Yes, I think so.  Obviously, with some of their locations, it is about location.  You can’t replicate natural beauty, so if you manage to find yourself in a place that’s attractive, from an entertainment perspective, you’ll continue to draw in the big crowds.  Anyone can replicate, I guess, in your home.  If you wanted to pimp your own house out and say ‘hey, I’ve got a few rooms here, you’re welcome to come’ and you share a cut with Airbnb, but I think that’s going to take time and it is more, kind of millennial, who are not necessarily the bigger spenders.  Whilst important to watch those trends over a longer period of time, I think it is going to take a long time for that to kind of fruition.  Who knows, maybe they’ll start selling their rooms on an hourly basis, just so people can come in, have a shower, have a two hour kip and then ship on out.  It is possible to be able to do that.  Certainly, it is changing.

Have you seen what’s happening to hotel companies globally.  Ratings are really coming under pressure.

But I think, at the same time, they are a lot more interactive tools online to be able to make people aware, so the services of excellence are arising.  With the likes of Trip Advisor, so people are advising on these businesses.  That gets them to the core of their service levels much better.

Sasha, I don’t know if you read the Sunday Times but there was a fascinating story there about Jamie Wilson, the departed Financial Director.

Yes a bit bizarre.

Isn’t it just.  It appears it wasn’t for health reasons that he’s leaving.  He’s giving up an enormous amount of money and options, and he’s leaving immediately.

Yes, and he’s 55, so it’s not…

I spoke to their company and they are very cautious to elaborate any more but they say there is definitely no fraud involved.  What does it leave you with?

Well, it says ‘he leaves the company in sound financial health’, which means it probably wasn’t performance related either.  It all sounds fine.  The only funny one I could come up with was he’s a Scotsman selling beer, but we’ve got Chris Gilmore in this market who does the same.

Yes, but Chris admits that he loves beer more than whiskey, which is nice.

Maybe when he went home, they said ‘you’ve got to drink whiskey.  It all sounded rather fishy and like the company was maybe trying to cover something bigger, or maybe the stresses of the job.  I think what people have to…

Then its health related and this is a company and they’re very good at it.

Then it’s a personal issue.

SAB has been good at saying ‘Graham Mackay had health issues and that’s the reason he left’.  In this case, they are being extremely opaque.

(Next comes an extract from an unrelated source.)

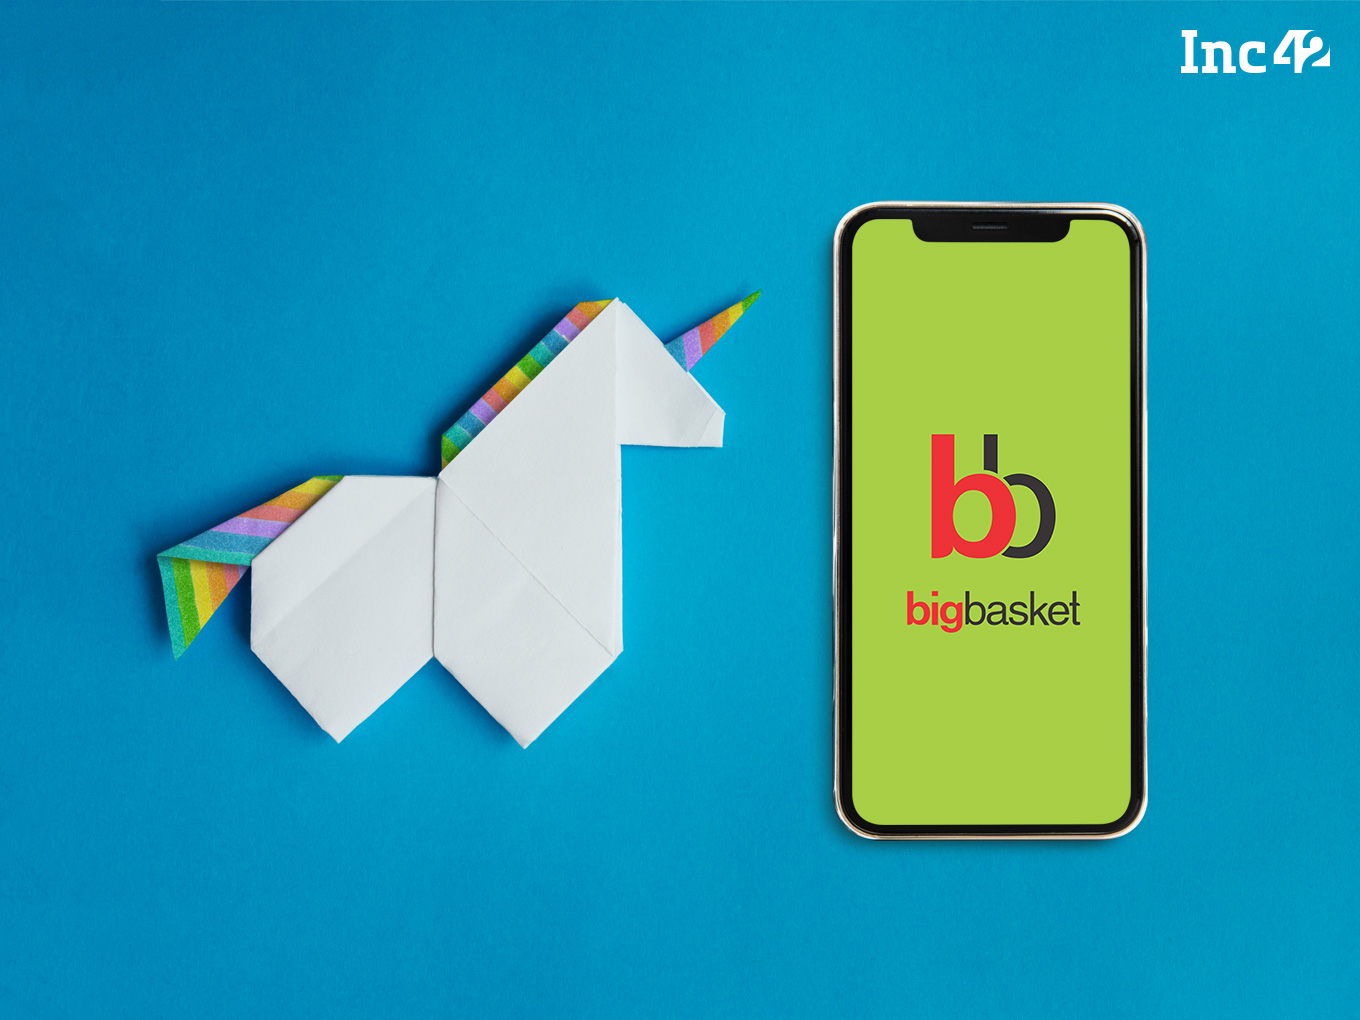 Bigbasket app: What Is BigBasket’s Business Model?

Should they have said ‘he wants to spend more time with his teenage kids’?  I don’t know.

I would say that that is probably smarter than what they’ve done.

To leave us questioning his departure…

Insiders all know.  Everybody within the company knows, whereas outsiders, who own the company, don’t.  It doesn’t appear to me as though they’ve played this well.  They could have done better because now you’ve got the Sunday Times putting its main story in the Business Section, explaining in pretty rational terms ‘why does somebody gives up huge amounts of money’ and just walk out the door?

Leave behind such an enormous amount of money.

There has to be something and it is not health reasons, and it’s not fraud, so what is it?

I don’t know, like I said the business said ‘he leaves it sound financial state’, so maybe it is not performance related but maybe he could have done a better job.  Maybe there is something else there that we don’t know about but I think that point about work pressures is well made.  There’s a reason why company execs are well remunerated, and that’s because they can get a call in the middle of the night and say ‘on the job’.  I think that part a lot of people…

You don’t think that that’s just the norm in society today.

Yes and no.  I suppose we’ve been invaded with these devices, to a certain extent, but there’s a reason why people are well paid.